Toward the end of his education, al-Ẓāhirī traveled to Nishapur in Greater Khorasan in order to complete his studies with Isḥāq ibn Rāhwayh, at the time considered a champion of the traditionalist Sunnī philosophy. Ibn al-Jawzī noted that when studying with Ibn Rāhwayh, considered one of the most knowledgeable scholars in the history of Islam, al-Ẓāhirī was willing to debate with Ibn Rāhwayh on religious topics, something no one else had ever dared to do. Ibn Rāhwayh criticized Muḥammad ibn Idrīs al-Shāfiʿī, founder of the Shāfiʿī school, during one of his lessons; a debate ensued in which al-Ẓāhirī alleged that Ibn Rāhwayh didn't understand al-Shāfiʿī 's point on the topic of discussion, although Aḥmad ibn Ḥanbal, who was physically present for the debate, declared Ibn Rāhwayh to be the winner.

Al-Ẓāhirī was initially a follower of al-Shāfiʿī in matters of jurisprudence, later branching off in terms of his principles, likely due to the influence of Ibn Rāhwayh. Describing him as "fanatical" both in his adherence to al-Shāfiʿī and to his own school later on, the Encyclopedia of Islam describes the Ẓāhirīte school as a one-sided elaboration of Shāfiʿī te doctrine, taking the latter's rejection of juristic discretion as a principle in formulating law and applying it to all forms of human reasoning.

===Teaching===
After completing his studies in Nishapur, al-Ẓāhirī returned to Baghdad and began delivering his own lessons. While historians differ regarding his exact number of students, it is agreed that his following was large, with most estimates ranging between four and five hundred students who would regularly attend his majlis. His reputation spread outside of Baghdad, and even high-level scholars from elsewhere in the Muslim world began seeking al-Ẓāhirī's advice on religious topics of study. While his views were not universally accepted in his time, no attempts were made by his contemporaries to prevent him from granting religious verdicts, nor were they opposed to his teaching position. His most well-known students were his son Abū Bakr Muḥammad ibn Dāwūd al-Iṣfahānī; ʿAbdullah, the son of Aḥmad ibn Ḥanbal; and al-Ṭabarī, Nifṭawayh, and Ruwaym. Al-Ẓāhirī was also the teacher of the Sunnī Muslim jurist ʿAbd Allāh al-Qaysī, who was responsible for spreading the Ẓāhirīte school in Al-Andalus.

===Death===
Al-Ẓāhirī died during the month of Ramaḍān in Baghdad, where he was buried. The exact year in which he died according to the Gregorian calendar is a matter of some dispute, with historians having stated both 883 CE and 884 CE.

==Views==

===Creed===
Al-Dhahabī states that al-Ẓāhirī learnt kalām (dialectical theology) from Ibn Kullāb. Similarly to other Muslim scholars who were accused of sharing Ibn Kullāb's creed (ʿaqīdah), such as Ḥārit̲h̲ al-Muḥāsibī and Muḥammad al-Bukhārī, al-Ẓāhirī was repudiated by certain factions of ḥadīth authorities of his era, which accused him of holding particular creedal views relating to God's speech.

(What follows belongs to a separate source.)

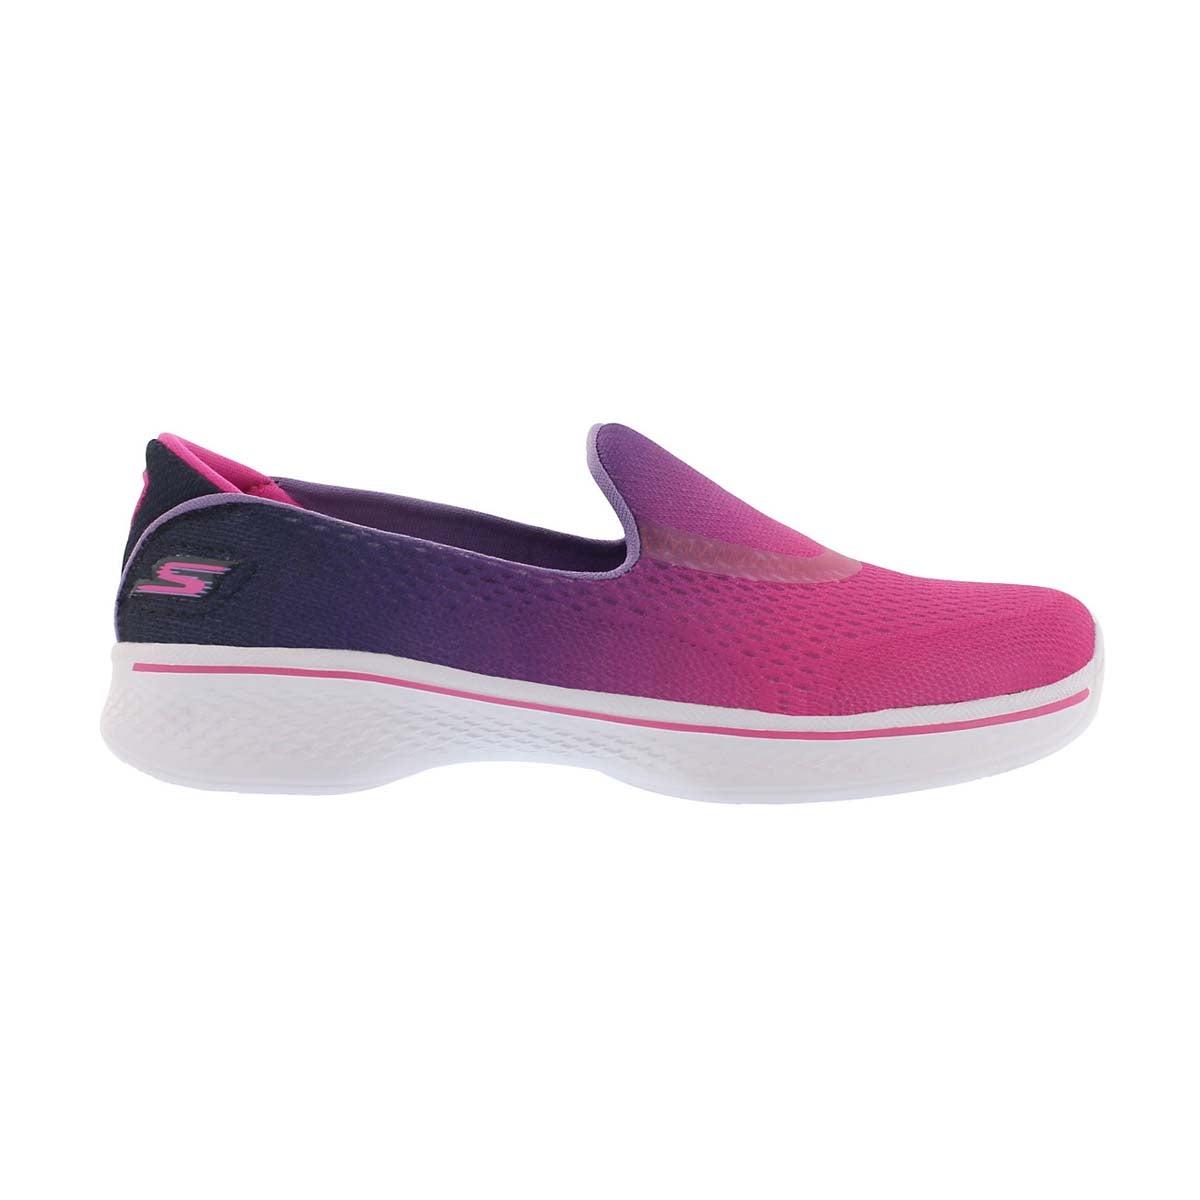 Grls GO Walk 4 pink ombre slip on shoe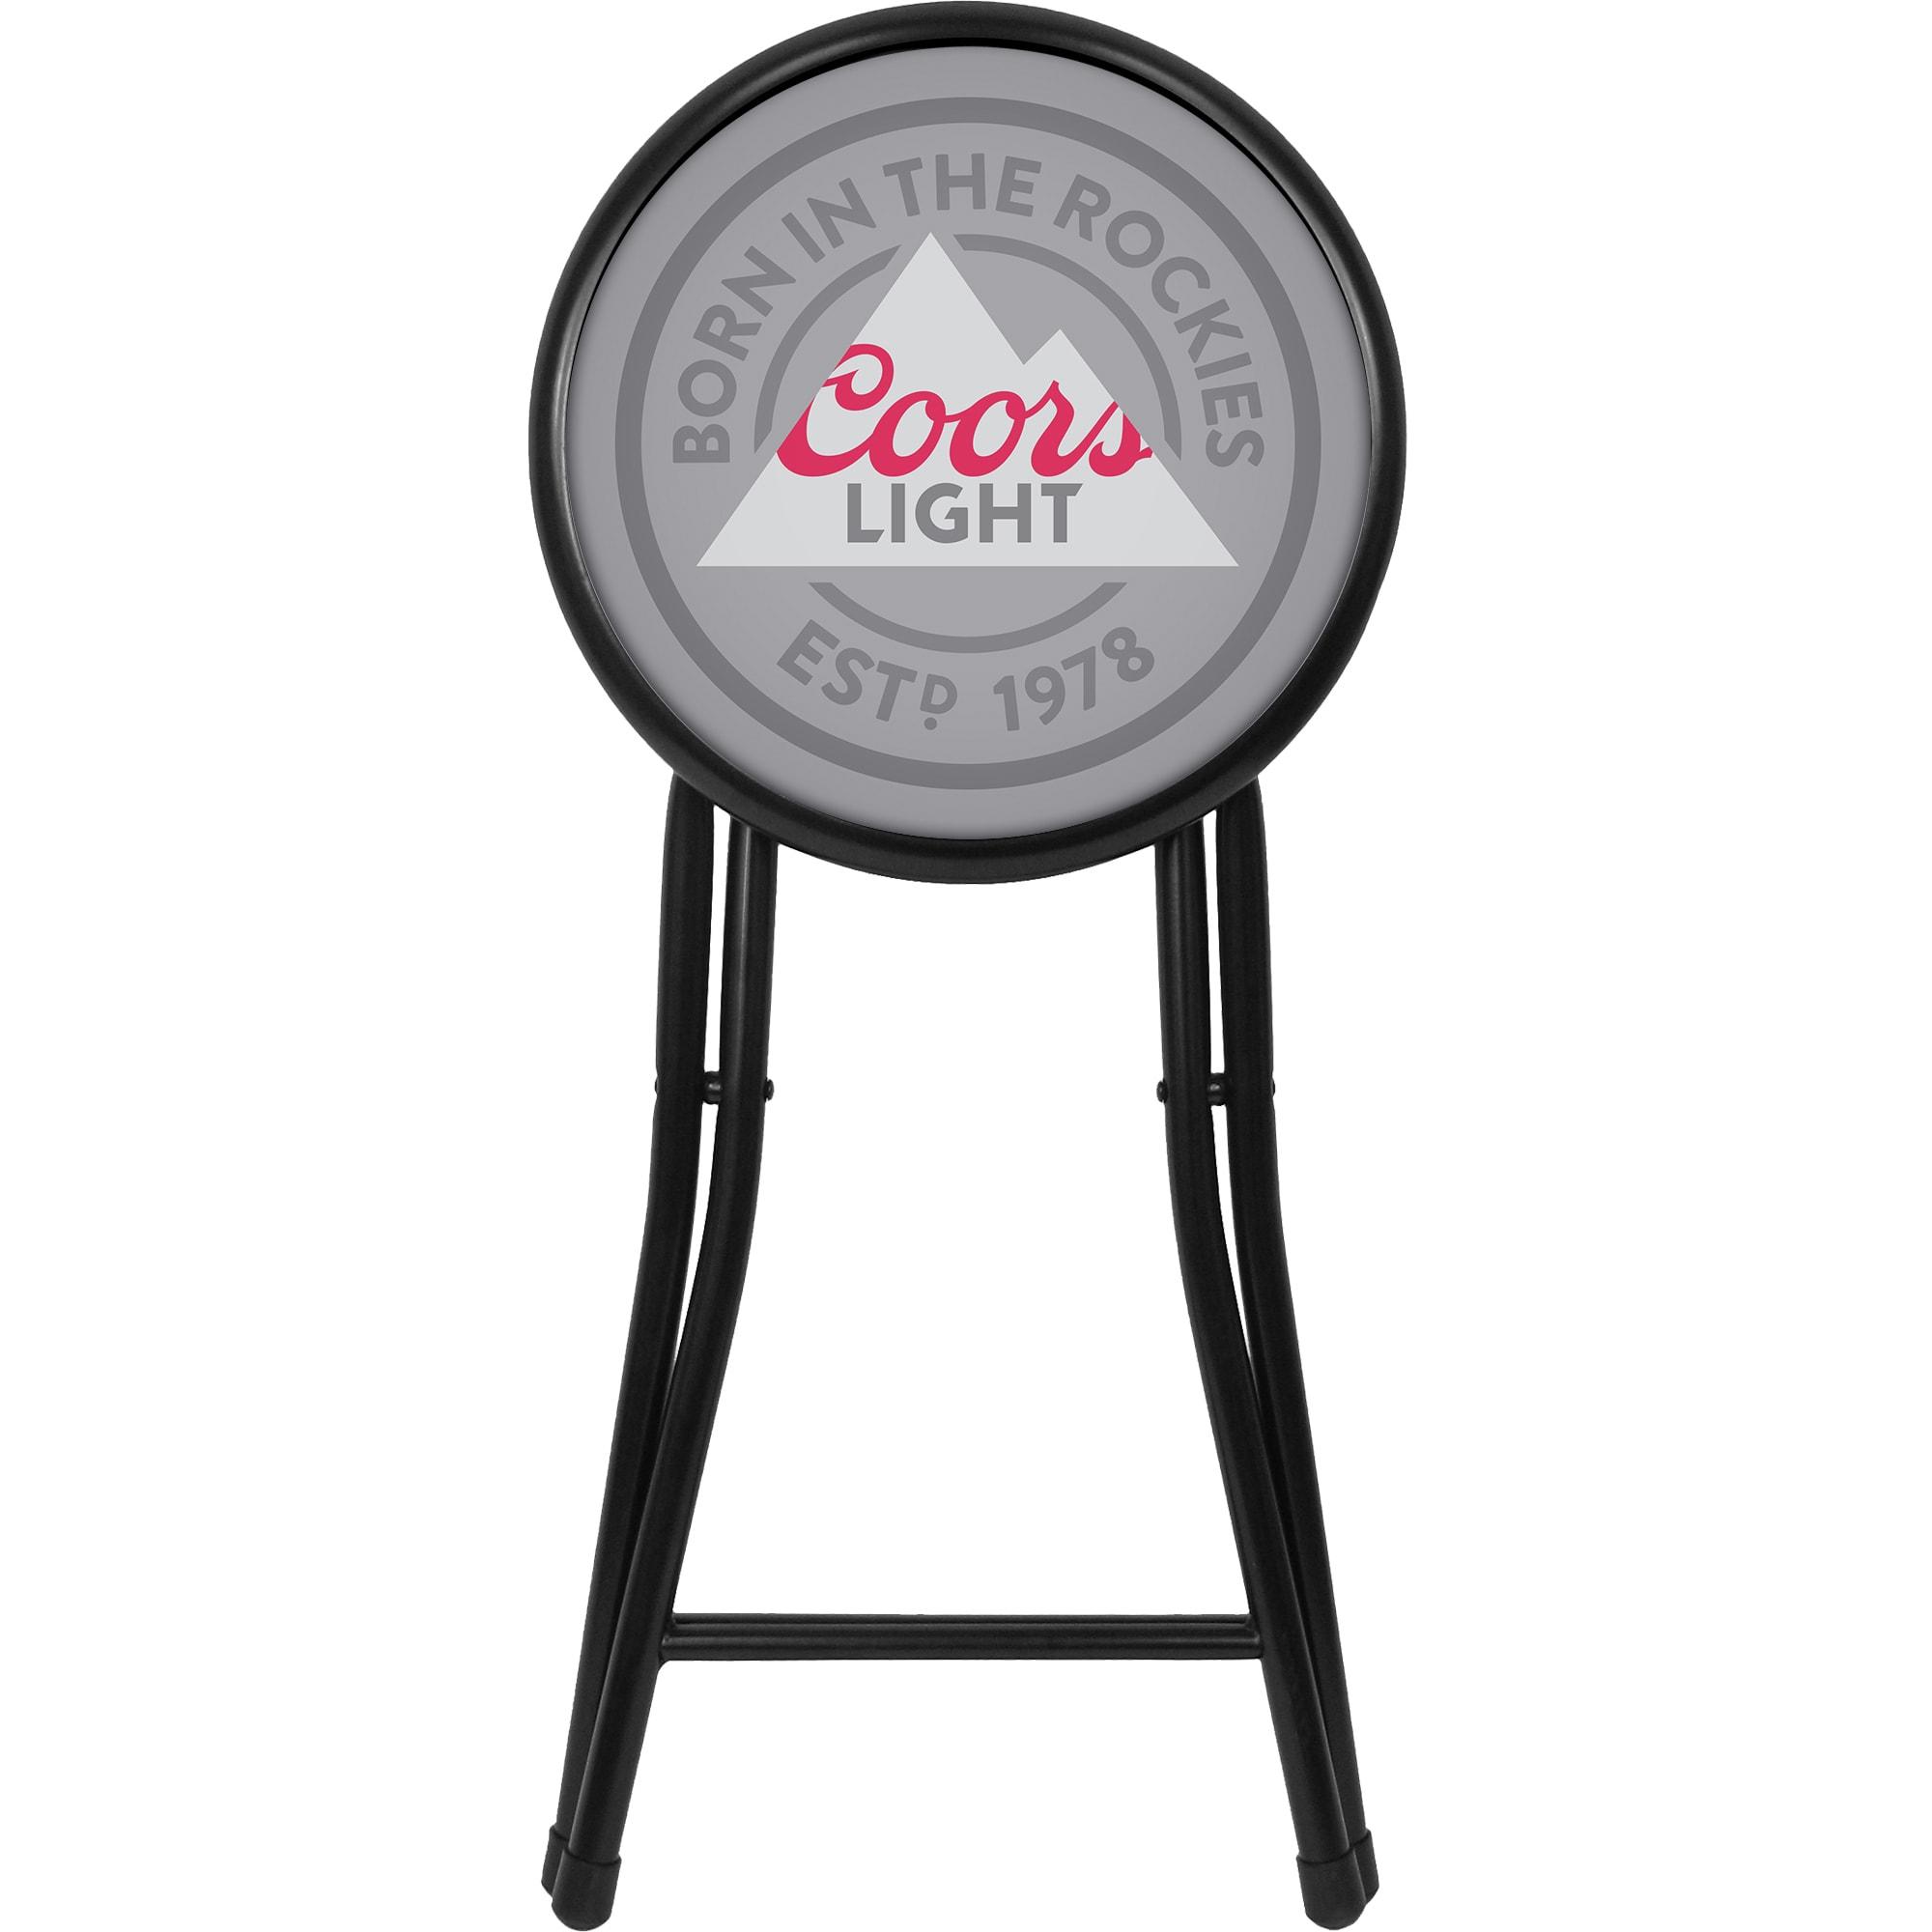 Trademark Coors Light 18-inch Folding Stool (18 Inch Fold...

Al-Ẓāhirī's understanding of the Islamic faith was described by al-Dhahabī's teacher, the Syrian Muslim historian and scholar Ibn Taymiyyah, as having been based upon the Atharī ʿaqīdah, affirming the attributes of God without delving into their fundamental nature. Muḥammad ibn ʿAbd al-Karīm al-Shahrastānī, a 12th-century Persian Muslim historian of religion and Ashʿarī theologian, classified al-Ẓāhirī along with Mālik ibn Anas (founder of the Mālikī school), Aḥmad ibn Ḥanbal, and Sufyān al-Thawrī as early Sunnī Muslim scholars who rejected both esoteric and anthropotheistic interpretations of God, but both Ibn Taymiyyah and al-Shahrastānī considered al-Ẓāhirī and his students, along with Mālik ibn Anas, al-Shāfiʿī, Ibn Ḥanbal, al-Thawrī, Abū Thawr, al-Māwardī, and their students to be the Ahl al-Ḥadīth ("people of the tradition"), as opposed to the Ahl al-Ra'y ("people of logic").

===Analogical reasoning===
This creed of not delving into the fundamental nature of the texts likely affected al-Ẓāhirī's views on literalism as well. While all the major figures of Islam were united upon the Quran and sunnah being the foremost sources of Islamic law (sharīʿa), al-Ẓāhirī held that these two sources must also be taken at the literal meanings and only applied in the particular circumstances which they described.

Al-Ẓāhirī rejected the principle of qiyās, otherwise known as "analogical reasoning", as a method of deducing rulings in Islamic jurisprudence, regarding it as a form of bidʻah, which means "innovation" within the Islamic religion, which the Islamic prophet Muhammad had not allowed.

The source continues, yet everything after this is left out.